However, obtaining accurate variant information not only depends on sequencing coverage but also on good reference genomes. Since the standard reference genome might not satisfy the special needs of different studies, in some studies, researchers have attempted to look for alternative reference genomes. For example, Ai H et al. studied the domestication of Chinese pigs. In their work, the genome sequences for WZS, instead of the published Duroc assembly, were used as the reference to ensure a better alignment with Chinese pigs22. Incarnato et al. created an alternative reference sequence for the E14 genome based on the mm9 assembly. The sequencing reads mapped to the E14 genome increased by around 5% compared to those of the mouse mm9 genome27. In this study, by using alternative reference sequences, the mapping rate increased by 0.61–1.68% for Chinese pig breeds and by 0.09–0.45% for Chinese chicken breeds. Compared to the chickens that were domesticated from red junglefowl in southeast Asia, the domestication of the pig took place independently in two locations: East Anatolia and China28. Our result thus suggests that the generation of alternative reference sequences is more necessary for species with complex genetic backgrounds. Unlike previous methods that used single step substitution, we employed an iterative strategy of generation to produce alternative reference sequences. Although here the GTX-one performs the sequence mapping and variant calling processes, we confirmed that this iterative strategy can cooperate with other mappers/callers (Supplementary Table S15). The alternative reference sequences generated by this approach enable the substitutions of consecutive mismatches in highly variable regions. These regions, where sequencing reads are not directly mappable, could cause a complete loss of information and leave a false impression that the region is highly conserved.
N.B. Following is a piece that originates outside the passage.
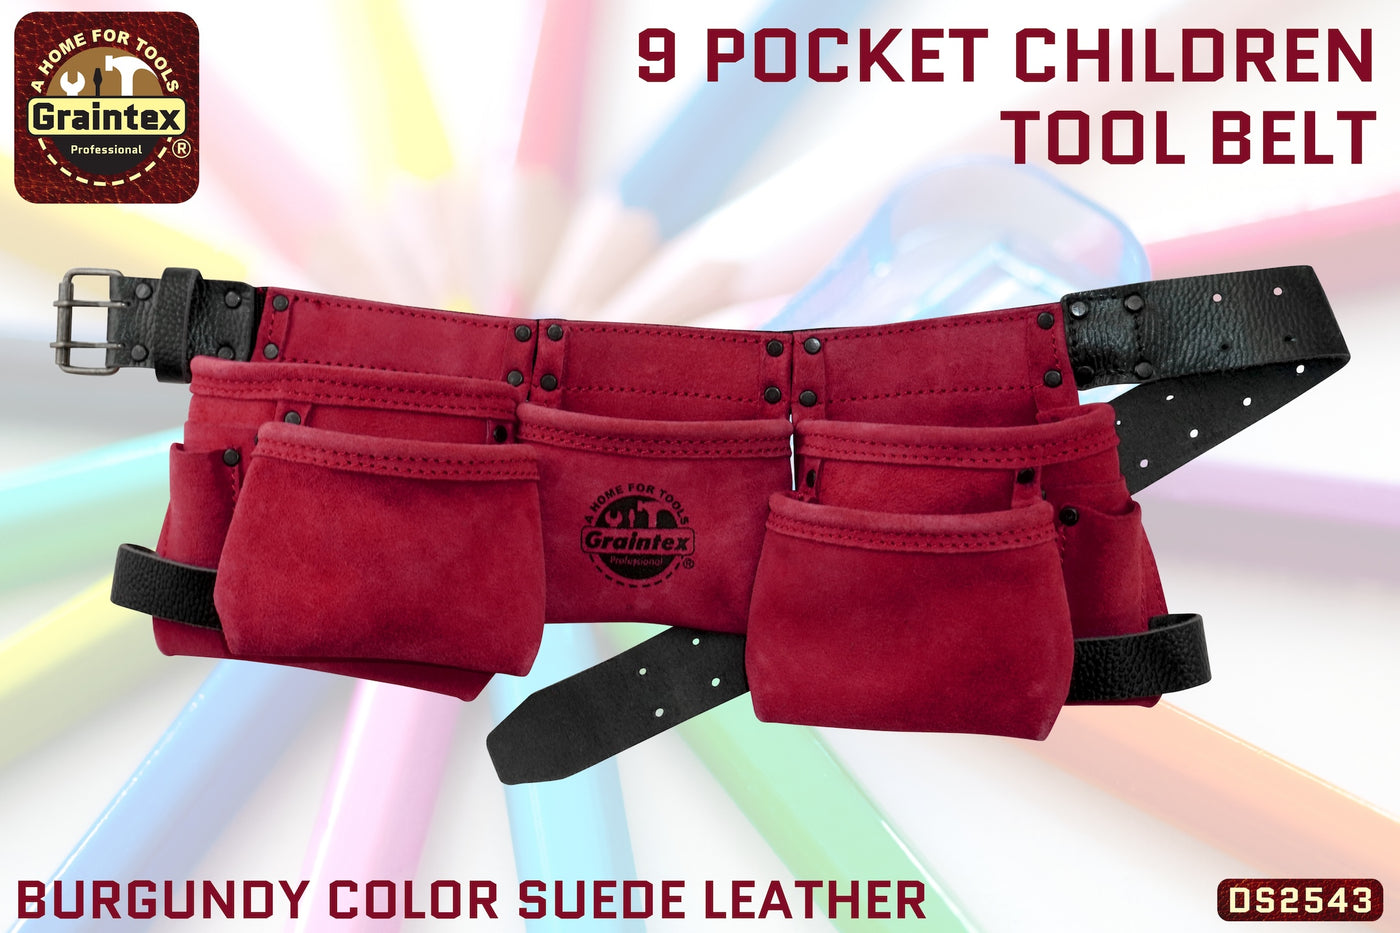 DS2543 :: 9 Pocket Children Tool Belt Burgundy Color Suede Leather

We found that several highly variable regions overlap with the genes or even CDSs, indicating a possible overestimation of the conversation of coding sequences during domestication. Our method corrected this problem and recovered phylogenetically informative sites that are missed by using public reference sequences, which could improve the accuracy of downstream analyses, including GWAS and genetic diversity evaluations. The GO enrichment analysis of the genes in highly variable regions were found to be enriched in sensory perception pathways, suggesting that, even though previous studies reported that the genes involved in sensory perception are among the most rapidly evolving genes25, this phenomenon might still be underestimated.
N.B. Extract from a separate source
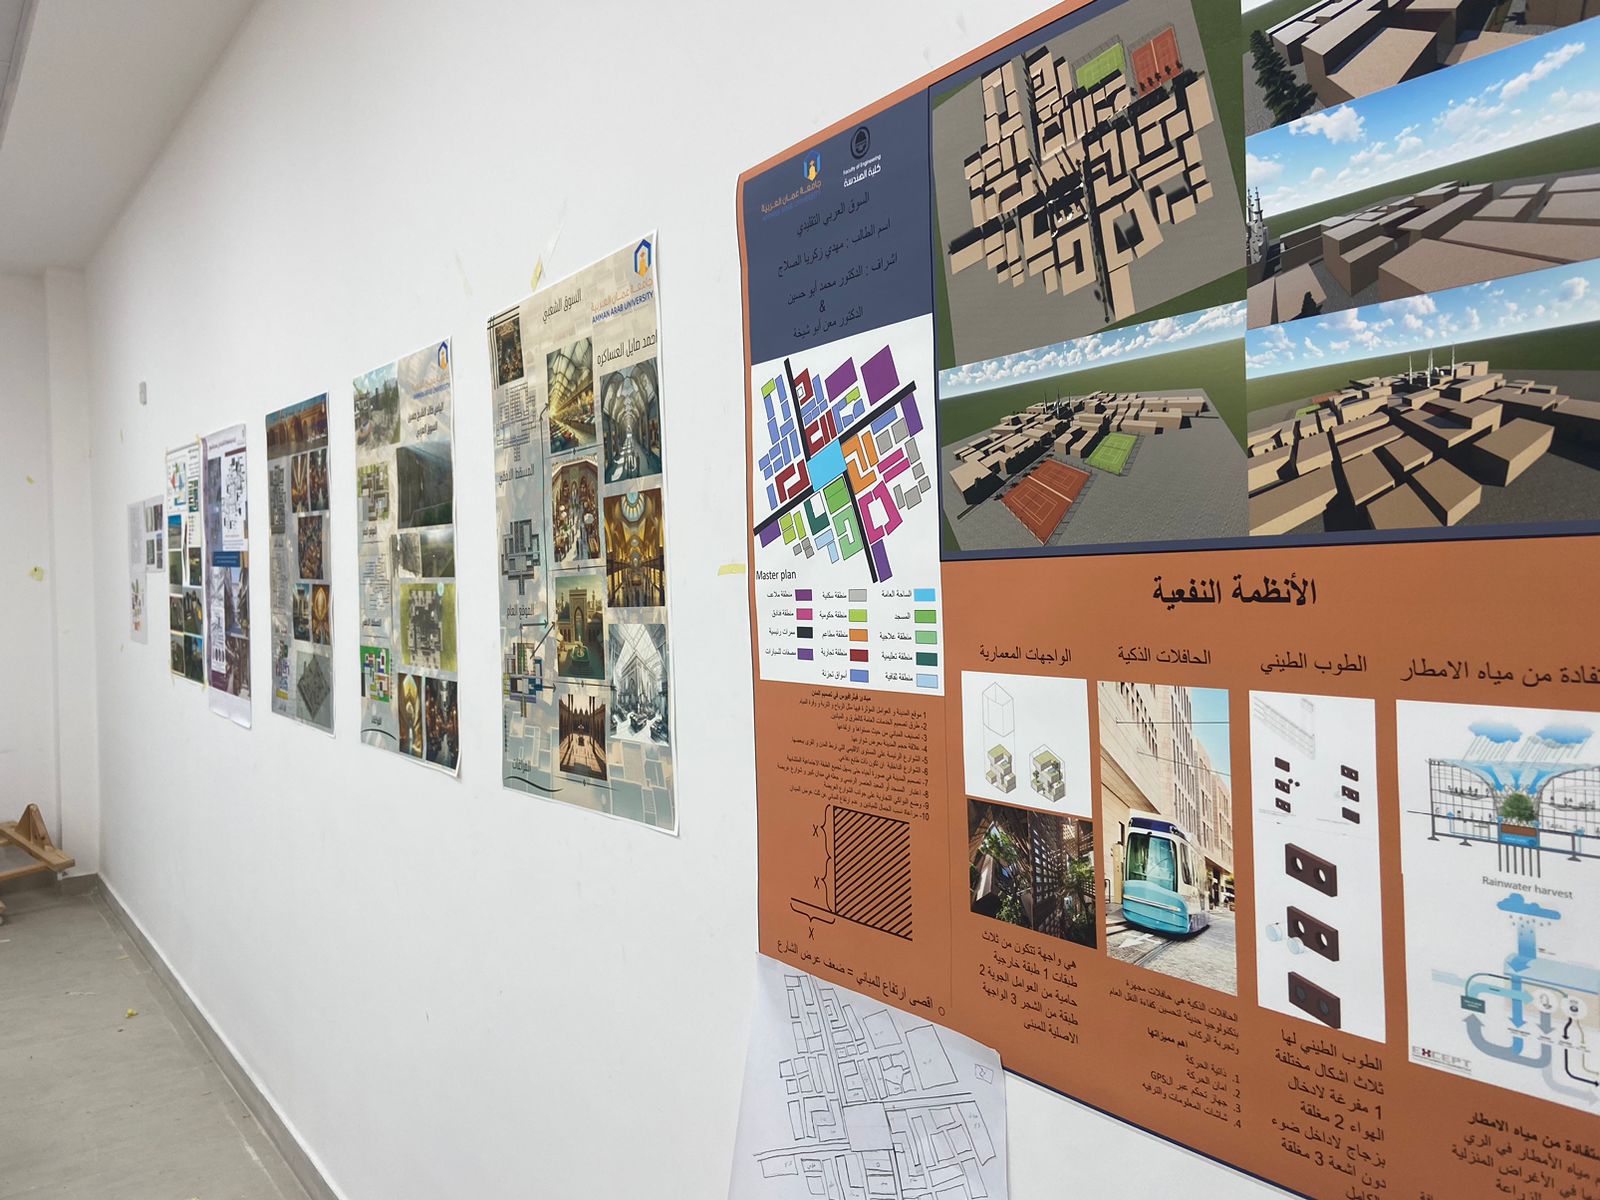 "إحياء قيم العمارة التقليدية في تصميم الأسواق" دورة تدريبية لطلبة "عمان العربية"1

Our results indicate that alternative reference sequences are not only effective for improving the mapping rates of the breeds used to generate the alternative reference sequences but are also effective for other genetically close populations. Interestingly, we found that the variation count reported in the second round of iterations was significantly lower than that obtained during the first round, indicating a substantial number of fixed substitutions across distinct breeds. These fixed substitutions are not informative for either the target breed or other genetically close breeds and can be avoided when using an alternative reference sequence.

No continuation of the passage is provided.